One finding does seem to stand up across societies: more resources will help immigrants and those who do worse in school. “The academic achievement of students from disadvantaged families is more susceptible to variations in resources than that of students from advantaged families.” The disadvantaged in Sweden are of course much less disadvantaged than those in the United States. Foreign-born students attend private schools in somewhat higher proportions than native born. But what this means in the Swedish context is not clear, as is true for this reader, of many of the findings of this book.

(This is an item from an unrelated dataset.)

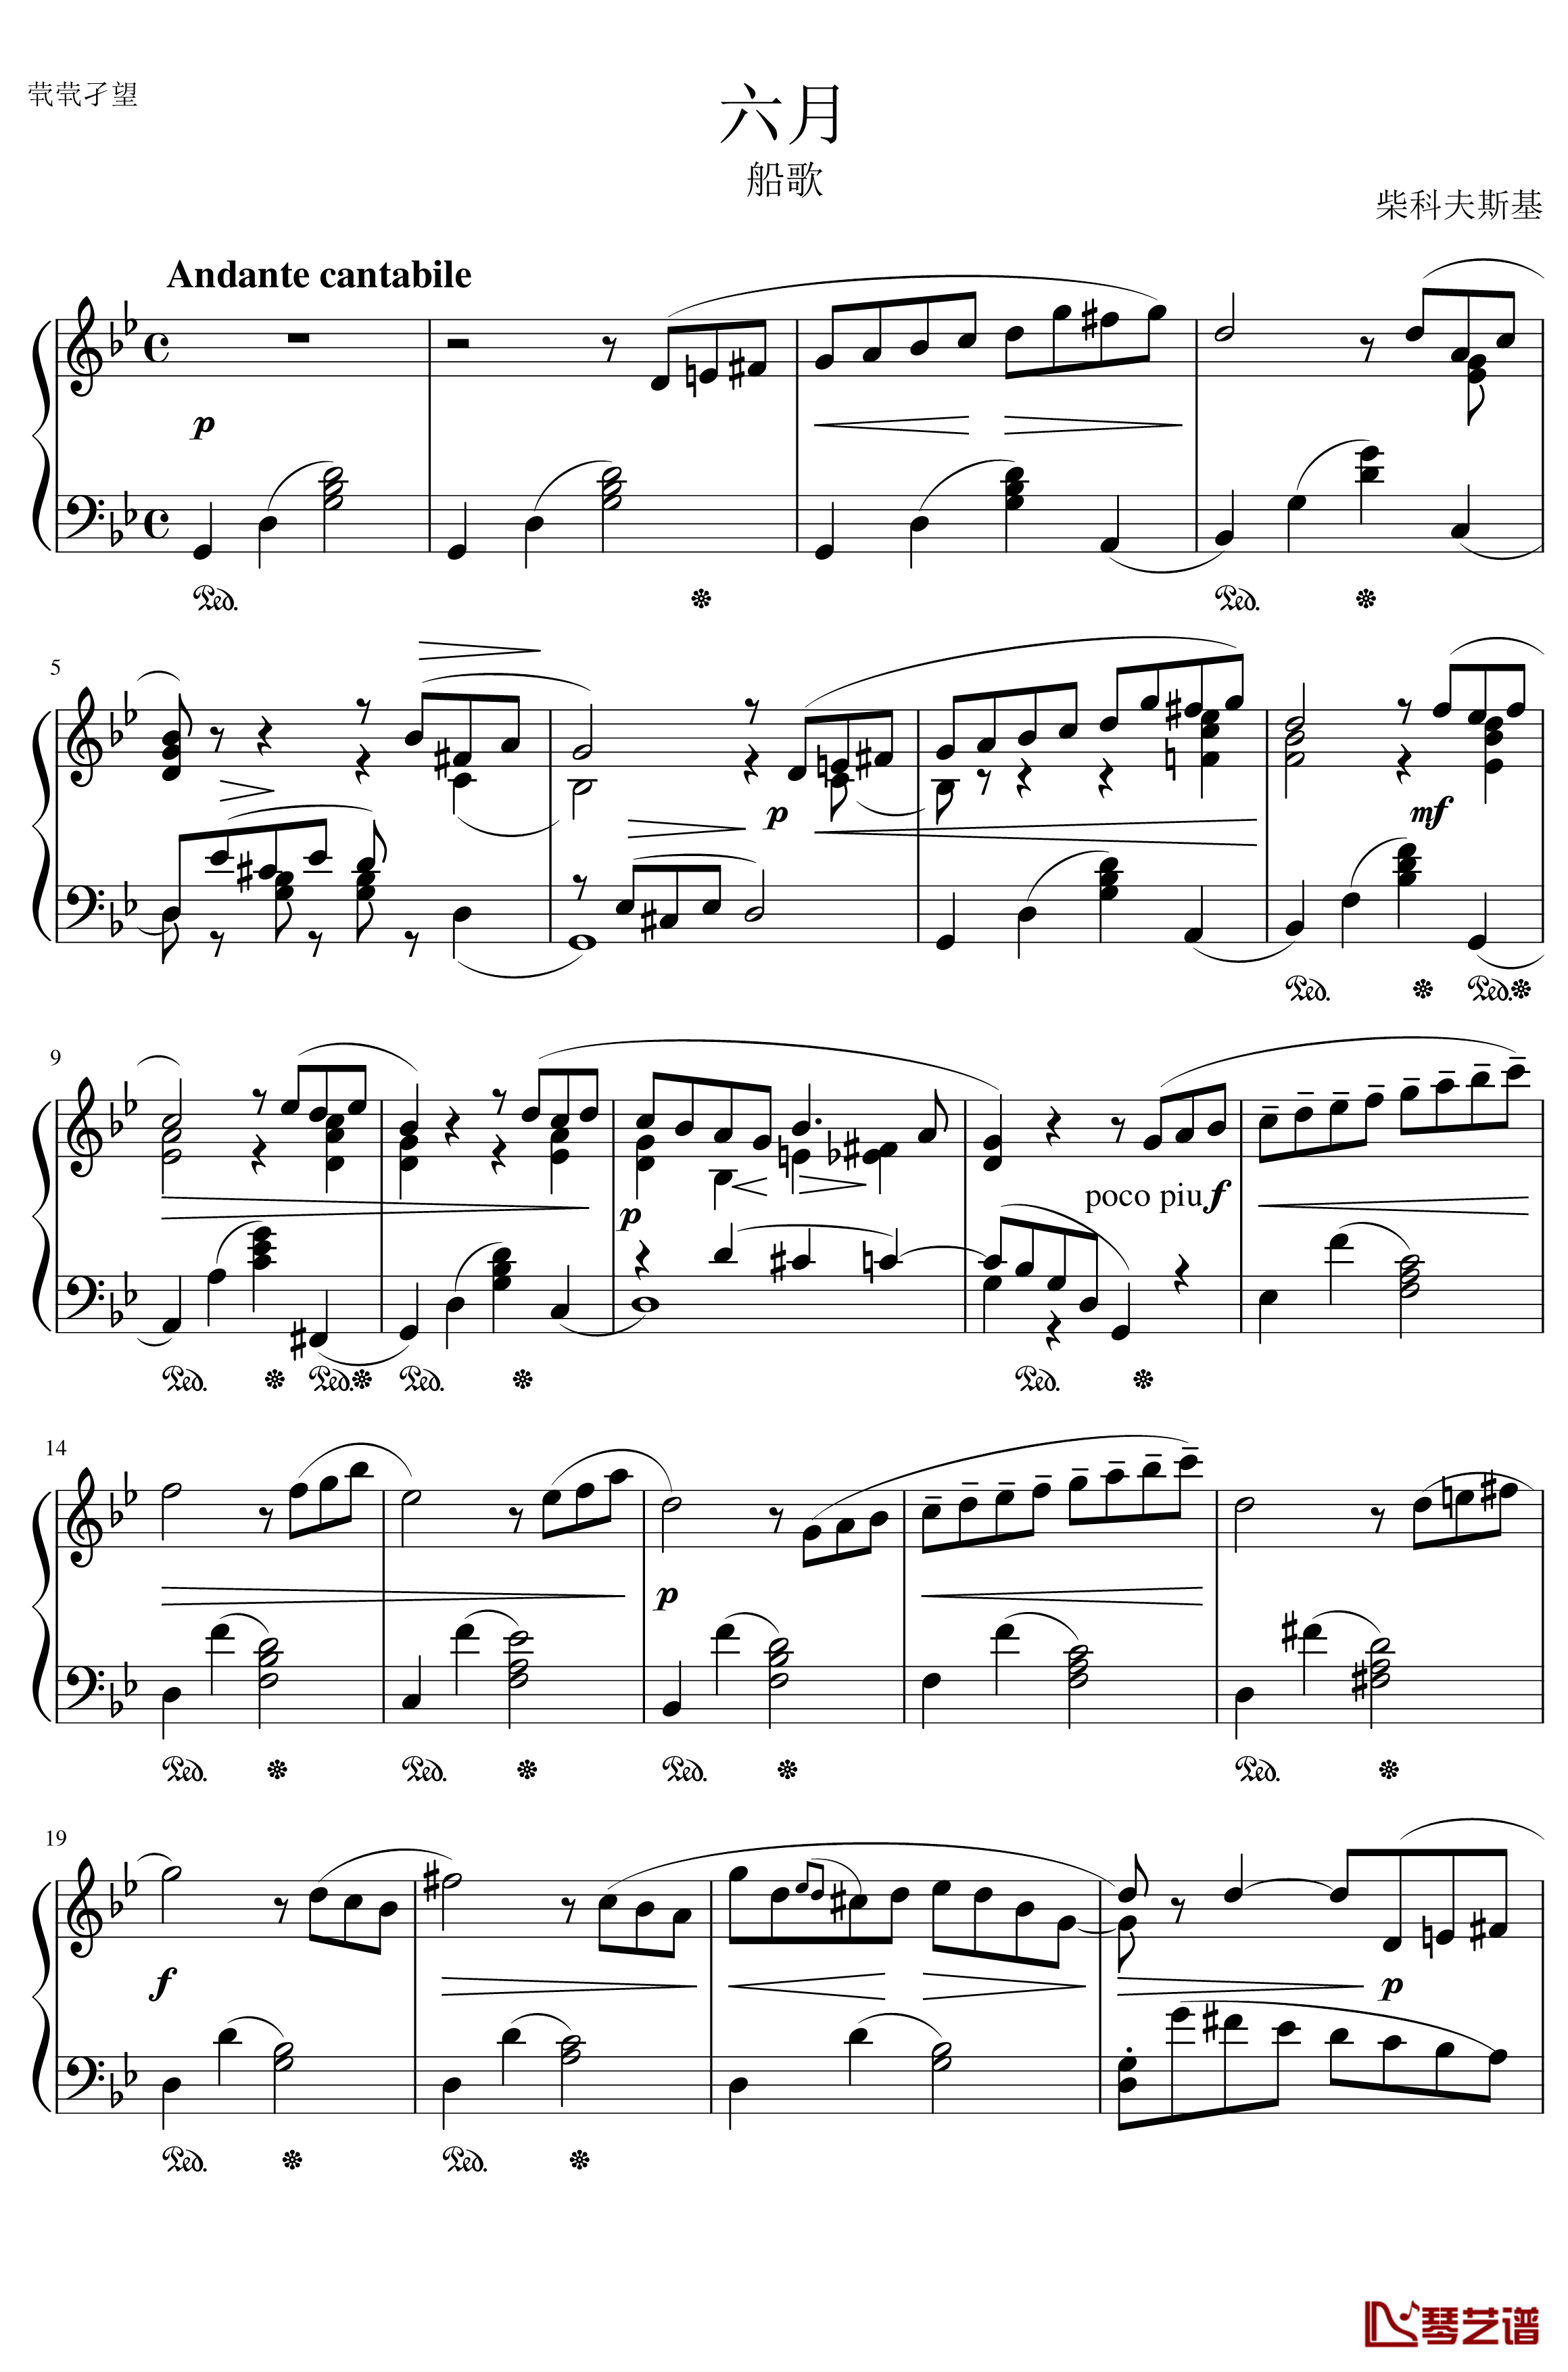 六月钢琴谱 船歌-The seasons,June: Barcarolle-柴科夫斯基-Peter Ilyich Tchaikovsky1

The general story is clear. “Our overriding conclusion is that the effects of the education reforms have been exaggerated by both sides,” write the authors. “The reforms did increase the efficiency of the school system,” as measured by results as related to costs. But the increase was modest, and “the disparities in achievement resulting from the reforms were also modest.… But by and large the newly decentralized, choice-driven system has had small positive effects on the academic performance of most Swedish students.”
The authors do not suggest going back to the earlier, more uniform, less competitive system. But they are studying the effect of a rather constrained and hardly vigorous market, as far as one can tell. Unleashed, the market might well have greater effects, on both efficiency and equality.
Nathan Glazer is professor of education and sociology emeritus at Harvard University.